Hasilnya, beberapa sumber air hidup lagi. Setidaknya kalau pada tahun 80'an ada tiga mata air di tepi jalan, tempat para pelintas berhenti untuk cuci muka atau bahkan minum, Â tahun 2000 awal mata air kering dan hanya keluar saat musim hujan, kini di tahun 2016 masih ada satu yang tersisa. Karena itu, setelah usaha yang susah payah itu kok sangat ironis jika pepohonan di sisi timur jalan di utara Krawak itu kini malah ditebang.
Ah sudahlah. Itu urusan Perhutani. Yang pasti udara menang tak lagi sejuk di kawasan hutan itu, sangat berbeda dengan dulu. Dan di ujung kawasan hutan yang tak lagi sejuk itulah, Air Terjun Nglirip itu berada.
Walau jalannya tak terlalu lebar, masih ada beberapa tempat parkir yang tersedia untuk kendaraan roda empat atau sepeda motor. Untuk sepeda motor, cukup bayar tiket parkir Rp 2.000, sementara tiket masuknya Rp 3.000 per orang. Jadi dengan yang Rp 8.000, saya bersana anak wedok sudah bisa menikmati Air Terjun Nglirip.
KEINDAHAN BERNUANSA MISTIS
Saya memang sudah pernah melihat foto air terjun Nglirip. Saya juga sudah pernah mendengar dan membaca kisah Putri Nglirip yang cantik yang katanya sering menampakkan diri di sana bersama dayang-dayangnya. Tetapi, saya belum pernah melihatnya secara langsung.Â
Setapak demi setapak saya melangkah di jalanan yang menurun yang lebarnya sekitar satu setengah meter itu. Hanya beberapa puluh meter, ada jalan kecil ke kiri menuju jalan berundak ke arah bawah air terjun. Katanya, jalan berundak dari semen yang tepinya berpengaman pipa besi besar itu, baru saja di bangun.
Akhirnya, setelah berjalan hanya lima menit dari tempat parkir kendaraan, saya pun melihat langsung pesona Air Terjun Nglirip yang legendaris itu. Airnya yang jatuh tampak memantulkan warna putih, sementara di bawah di batasi bebatuan tampak genangan air seperti kolam berwarna hijau keputih-putihan. Inilah pemandangan air terjun di bulan September yang mempesona. Wow...itulah perasaan saya saat itu.
Debit airnya memang tak terlampau besar. Suaranya juga tak terlalu bergemuruh seperti yang sering saya dengar dulu saat lewat di dekatnya. Namun, saya harus mengakui air terjun ini sungguh indah dan enak dipandang. Untuk menikmati keindahannya juga relatif tak perlu bersusah payah seperi saat ke Air Terjun Madakaripura di kawasan Bromo Tengger itu.

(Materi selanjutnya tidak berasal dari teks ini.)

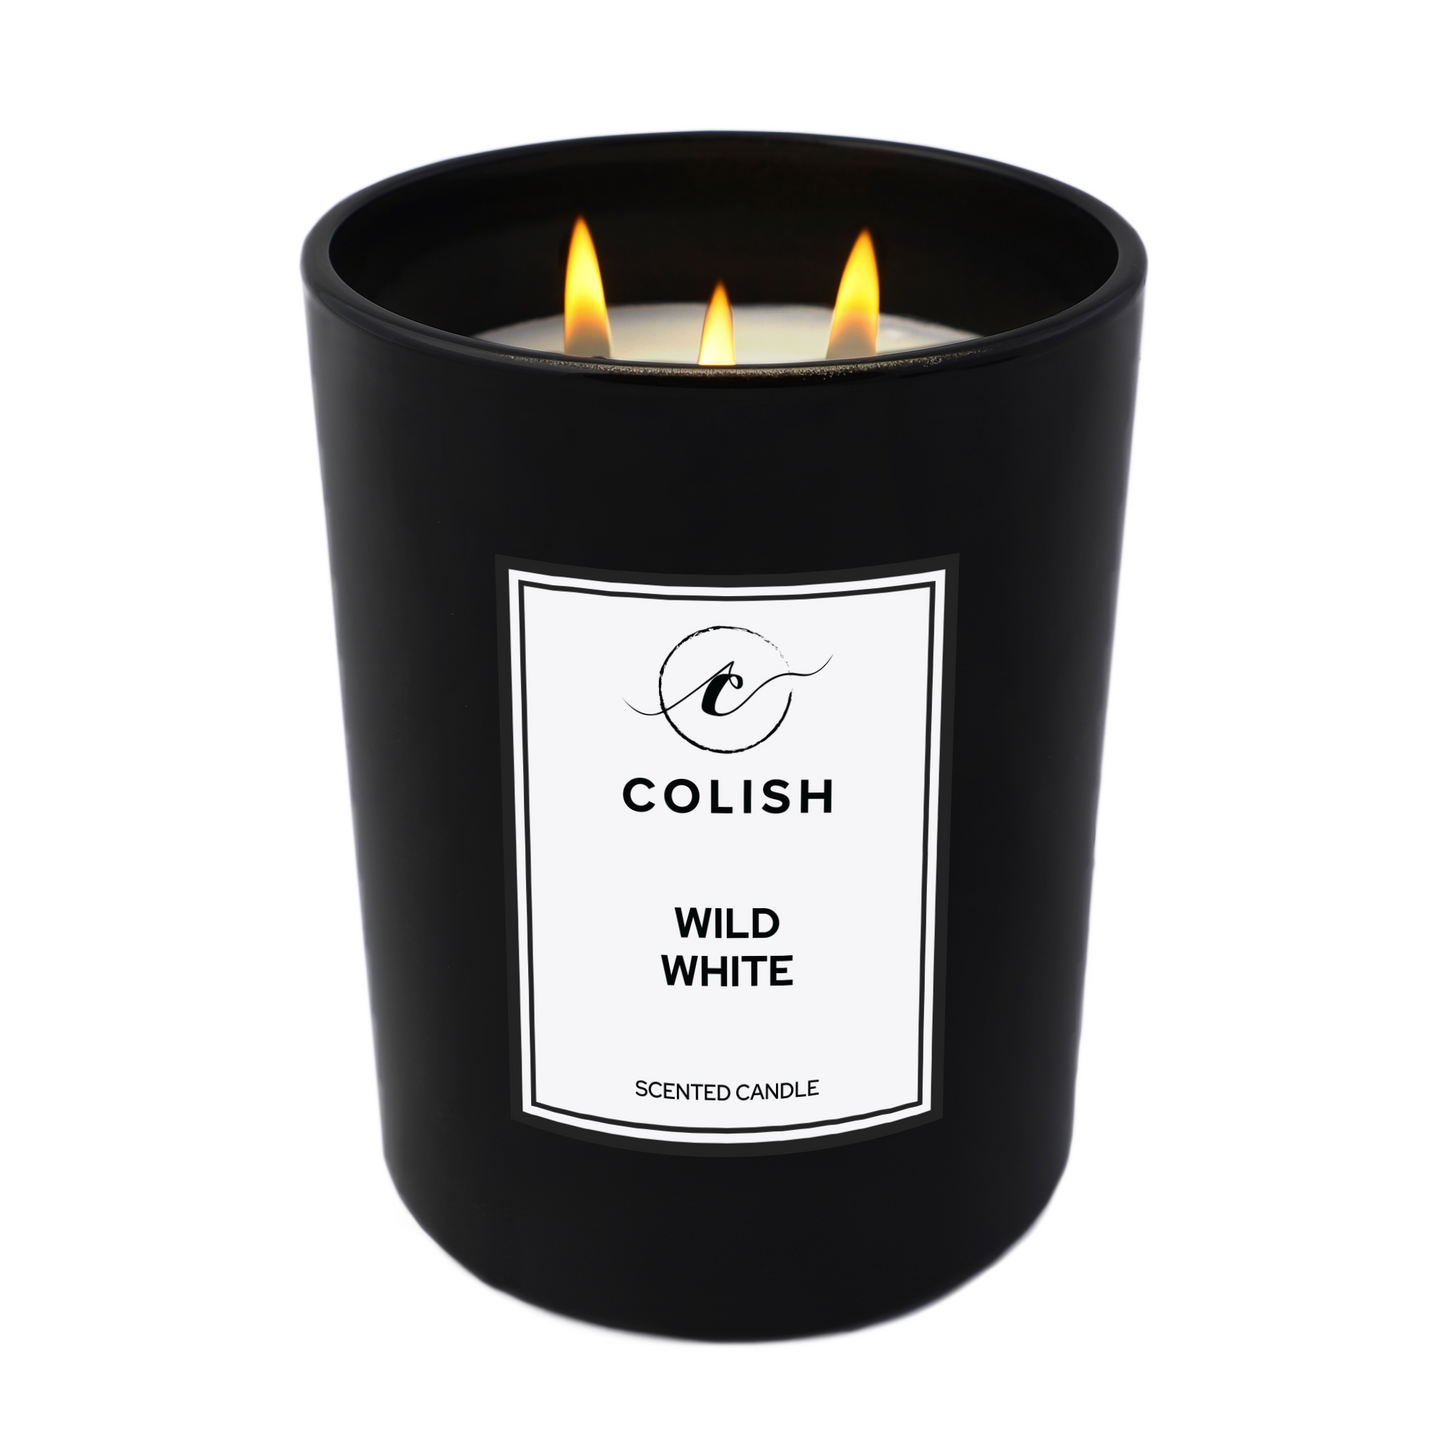 WILD WHITE SCENTED CANDLE

Namun, seperti di Madakaripura, saya juga diingatkan untuk selalu waspada dan menghormati tempat yang indah ini. Berbeda dengan beberapa air terjun lain, misalnya saja Air Terjun Kakek Bodo di Prigen Pasuruan atau Cuban Rondo di Malang, Â di mana kita masih bisa main air dan berbasah-basah. Tidak demikian halnya di Air Terjun Nglirip.Â
Di bulan September atau saat kemarau, pengunjung memang bisa turun ke bebatuan. Namun, tetap harus waspada karena licinnya batu, dalamnya kolam air di bawah air terjun, dan turunan terjal bebatuan sungai di depan air terjun. Jadi yang ingin main air, cukuplah puas dengan air di saluran irigasi di sisi barat air terjun.
Putri cantik itu konon masih sering menampakkan diri di bebatuan di balik air terjun, sementara di kolam depan air terjun yang dalam itu para dayangnya tampak pula bermain di air. Tapi itu cerita yang pernah saya dengar, tapi belum pernah saya lihat.